Later this client began to develop healthy responses to shame:
One day he was driving with his 2 year old son as a passenger. He got
righteously angry at the inconsiderate driving of another driver and began
shouting vigorously, even though the situation had resolved. This upset his
little son who began crying. This shamed my client. The shame took all the wind
out of his anger. He was then able to redirect his energy to calming his son.
On another occasion he was very happy and playful when his wife came home
from work. She was not in a good mood and accused him of trying to annoy her.
Again the shame took the wind out of him. He withdrew for a few minutes and
then returned to his wife and stated calmly that he hadn't been trying to annoy
her, In fact he was in a good and playful mood. She then was able to agree that
she had returned home in a rotten mood. Shame not only helped him to come up
with a good response in terms of content, but also in terms of a calm tone of
voice and in terms of timing i.e. It made him wait.
On both of these occasions a healthy response to shame allowed my client to
bow to the fate of the moment and to respond skilfully. This is how humility
can arise spontaneously out of a healthy response to shame.
hasta la vista
Chris Walsh
An Australian Constellation Website:
www.constellationflow.com
----- Original Message -----
From: Anne Marie Field
To: ConstellationTalk@xxxxxxxxxxxxxxx
Sent: Wednesday, 2 June 2004 10:04 PM
Subject: RE: [ConstellationTalk] Forgiving versus Bowing
Dear Chris and Sarah,
Having read both posts and also Donald Nathanson's works, I understood what
what you (Chris) were saying in making the distinction about toxic shame and
for want of a better descriptor, " clean " shame. My issue is more with the
term humility. Does it not mean from it's root, feet on the ground or grounded
in reality or knowing ones strengths and limitations? Maybe that is associated
with shame as described by Nathanson. The head dropping and eyes lowering of
the infant when he first sees and recognises his own image in the mirror. The
shame is meant to be about a recognition of himself as seen by others, and of
whihc until the first moment he recognises himself he was not aware. Maybe
humility is that too. A kind of self conscious recognition of or limitaions
especially as perceived by others.I suppose in the case of the constellations
you speak about the bowing may signify both????? I do not really get how it
signifies humility though. As you point out Chris common usage of the word
shame is toxic shame. Is that not so true about all the so-called negative
emotions? Does it not stem from the Descartian error to which Domasio refers?
Regards
Anne Marie
-----Original Message-----
From: Chris Walsh [mailto:chrisjwalsh@xxxxxxxxxxxxxxx] ;
Sent: Tuesday, 1 June 2004 7:25 PM
To: ConstellationTalk@xxxxxxxxxxxxxxx
Subject: Re: [ConstellationTalk] Forgiving versus Bowing
Dear Sarah,
the way you talk about shame suggests you are
talking about toxic shame. ("she has been .... ignored, scrubbed out, deleted")

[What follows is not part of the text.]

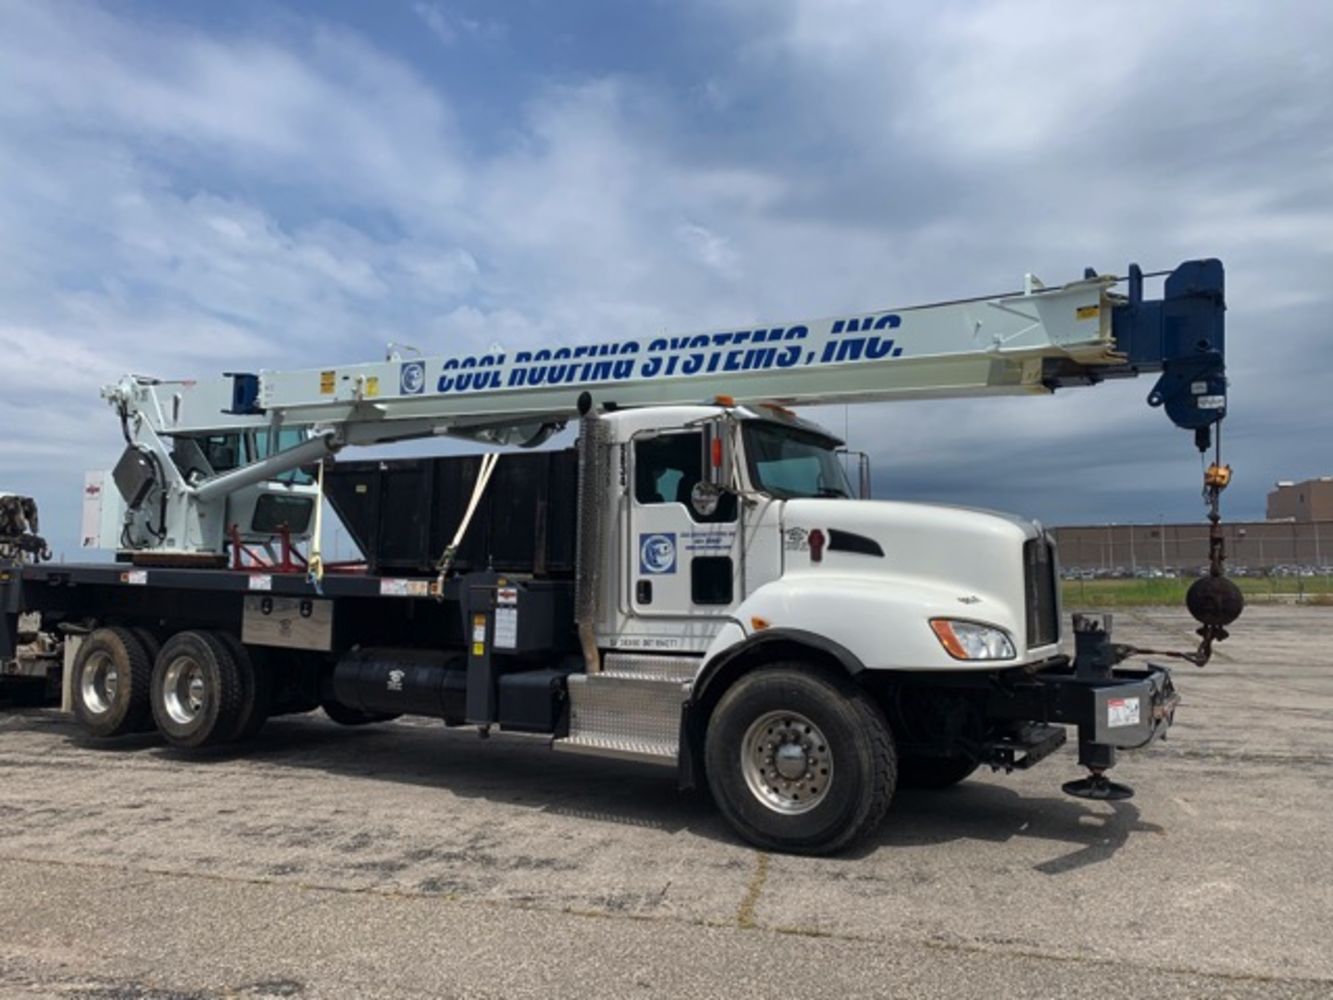 Bankruptcy Auction - Manitex 30112S Boom Truck Crane, mounted on 2015 Kenworth T470 Tractor

That is common usage, but it removes us from the biology of the emotion. It
creates an articificial boundary between shame, discernment and humility. That
artificial boundary then actually keeps us bound in toxic shame, by not
allowing us to take what is good and useful from it. In fact our concept of
shame is so embedded in toxicity that it is actually painful and shameful for
most of us to admit that we feel ashamed or even embarrassed about something.
That means that much of the time our shame remains outside of our awareness,
which makes it even more difficult to deal with. That is a terrible position as
toxic shame is debilitating.
I believe that the understanding of shame is the key to discovering
genuine humility and with that the ability to fully receive support when it is
offered. This includes the ability to fully receive the gift of our life from
our parents. It is can free us from the elements of toxic shame that most of us
have embedded in our personalities, at least to some degree.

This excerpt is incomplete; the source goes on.